A patient sued her health plan and the plan’s debt collector under various California and federal laws in connection with alleged attempts by the plan to unlawfully collect the balances of the plaintiff’s medical statements that were in excess of the insurance allowed amounts. The defendants moved to compel arbitration based on arbitration agreements that the plaintiff executed when she enrolled in the health plan from year to year beginning in 2012. The plaintiff, however, opposed arbitration, arguing that (1) the arbitration agreements did not comply with section 1363.1 of the California Health and Safety Code, which requires that an arbitration provision be “prominently displayed” and meet certain other conditions, and (2) the agreements were unconscionable.
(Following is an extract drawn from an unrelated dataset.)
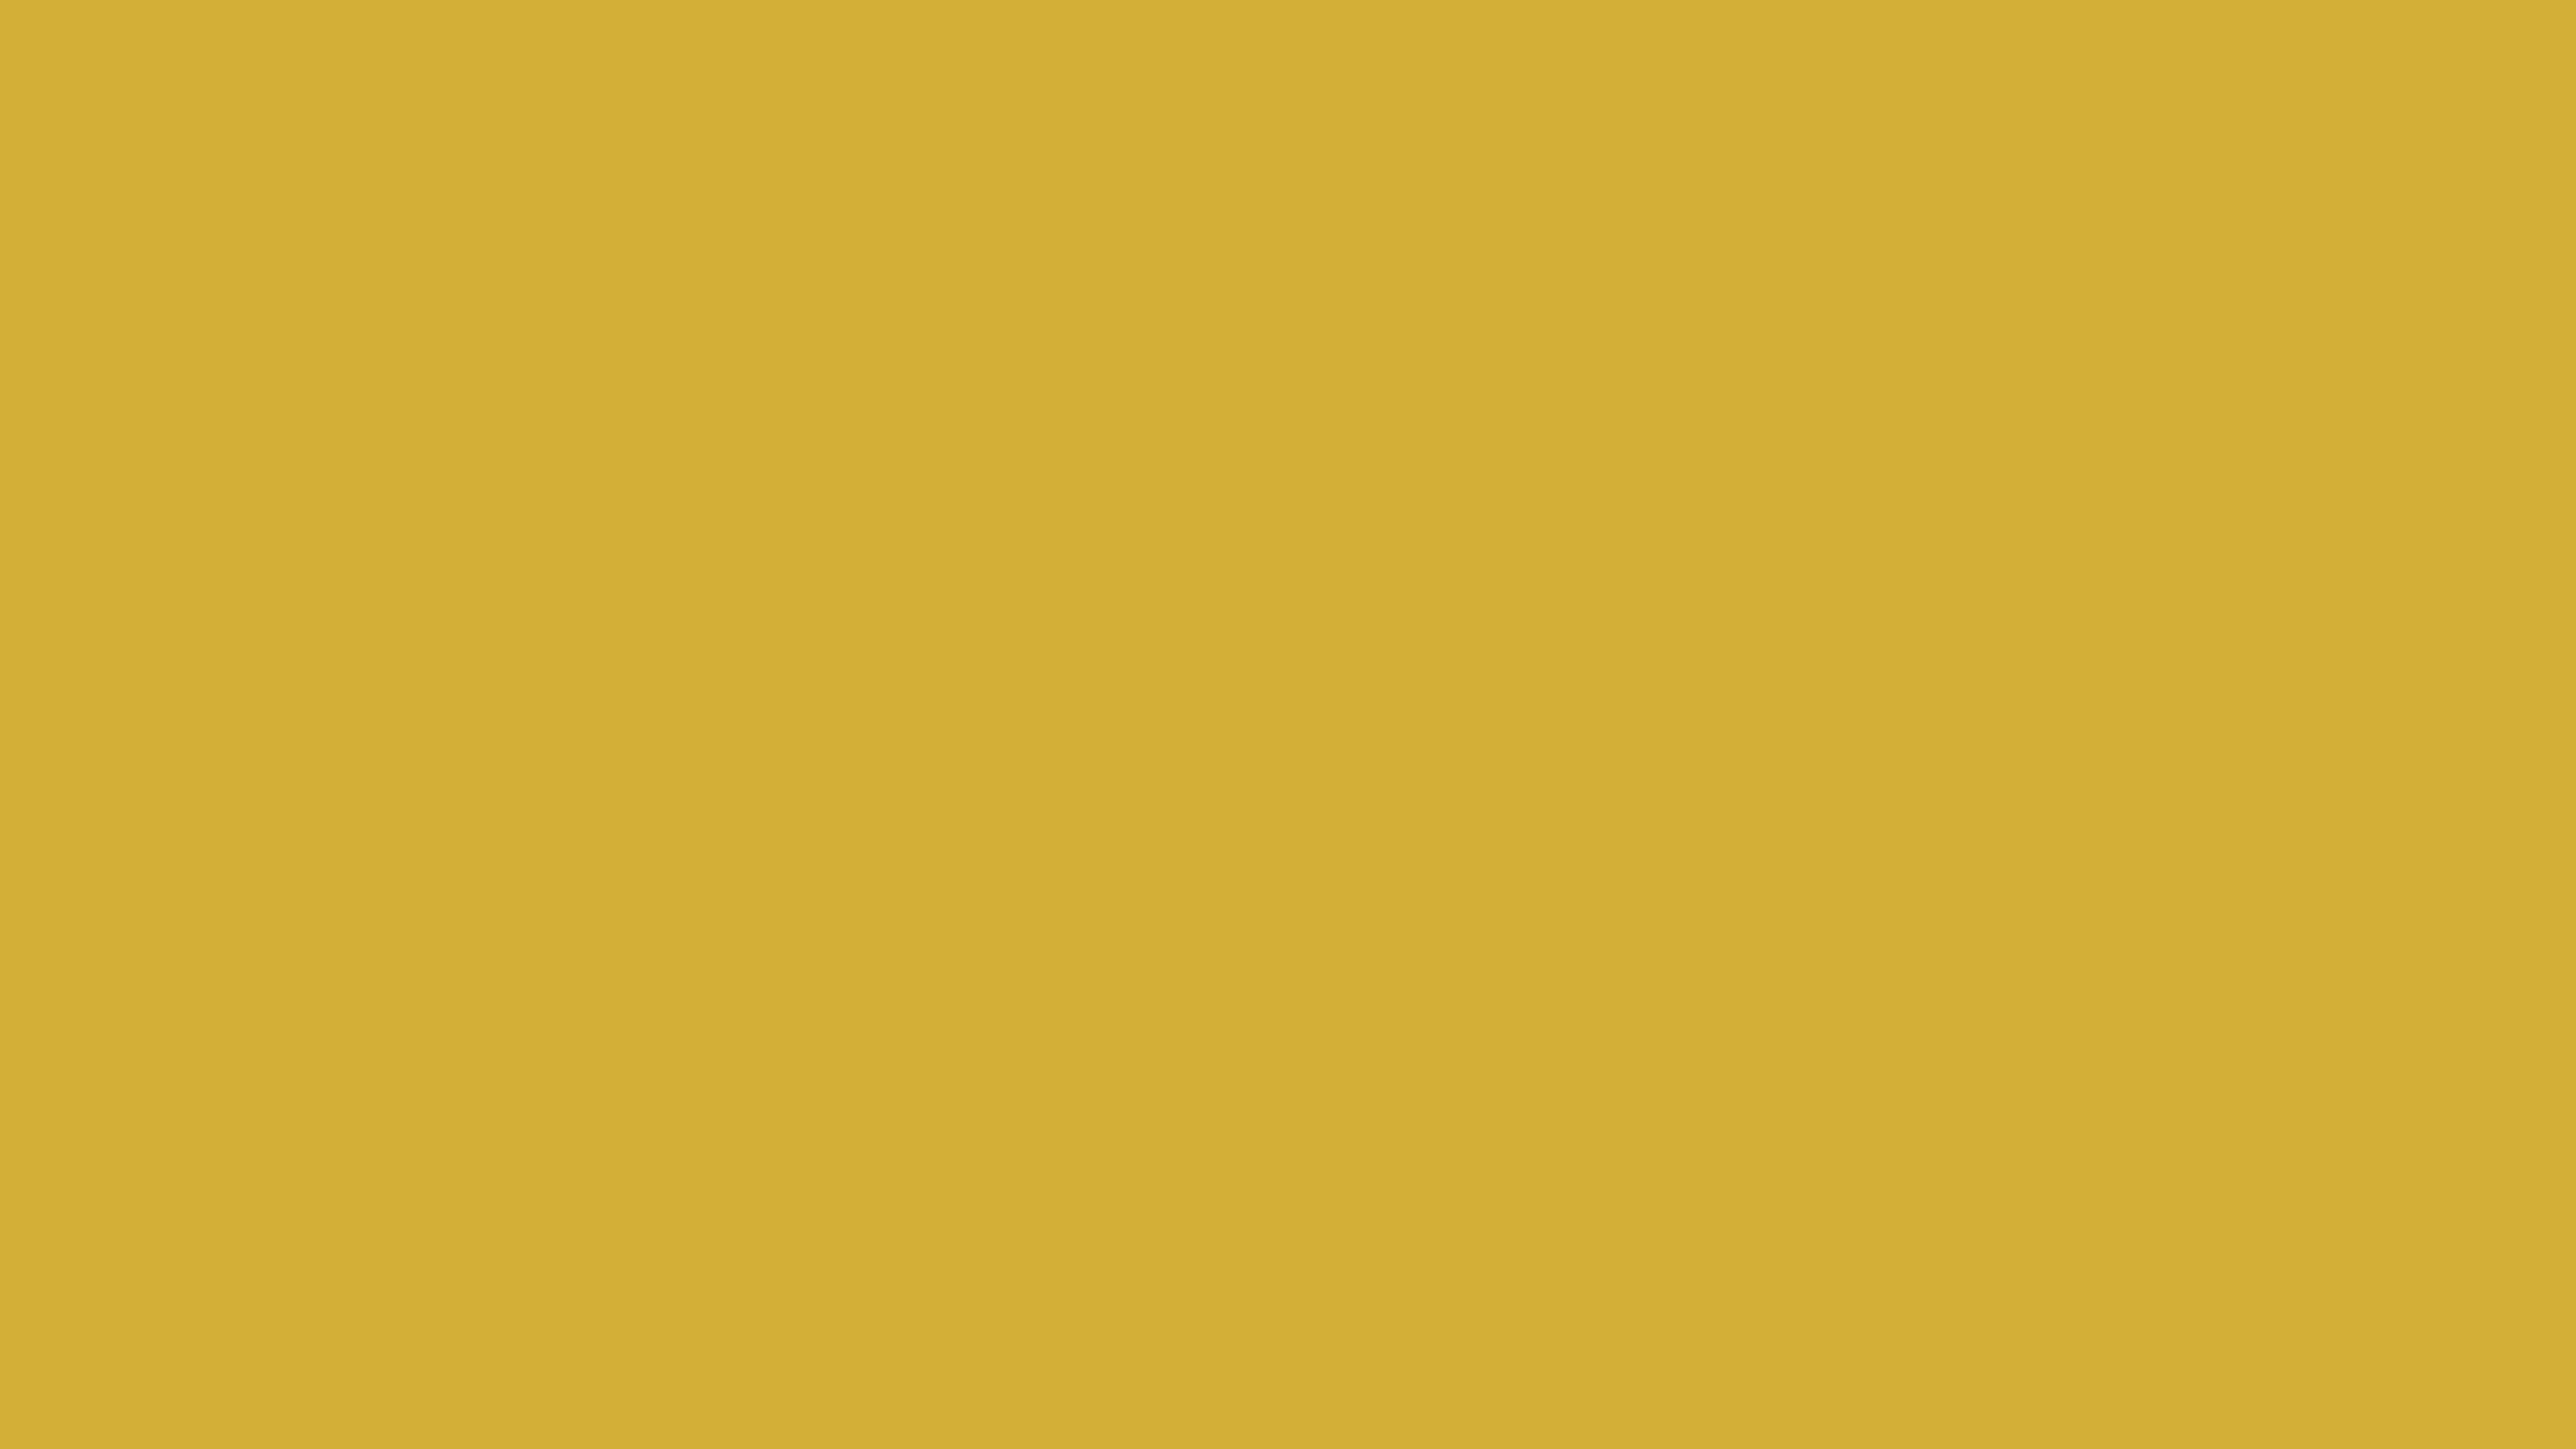 7680x4320 Gold Metallic Solid Color Background

The court rejected the plaintiff’s arguments. With respect to section 1363.1, the court found that it was preempted by the Affordable Care Act for the time period in which that law was applicable and that the plan’s arbitration disclosures complied with the law. And as to unconscionability, the court found that the agreements’ attorney fees and cost-splitting provisions were unconscionable, but these provisions could be severed from the arbitration agreements and would not preclude arbitration.

The plaintiff also argued that, if the court were to compel arbitration, it should be on a class basis because the arbitration agreements included references to “parties” asserting a claim (in plural form). The court, however, was not convinced. Relying on the U.S. Supreme Court’s Stolt-Nielsen decision and Ninth Circuit authority, the court held that even an ambiguous arbitration agreement did “not provide a sufficient basis to conclude that parties to an arbitration agreement agreed to” resolve their dispute in a class proceeding. The court therefore compelled individual arbitration.

Hunter v. Kaiser Foundation Health Plan, No. 3:19-cv-01053 (N.D. Cal. Jan. 17, 2020).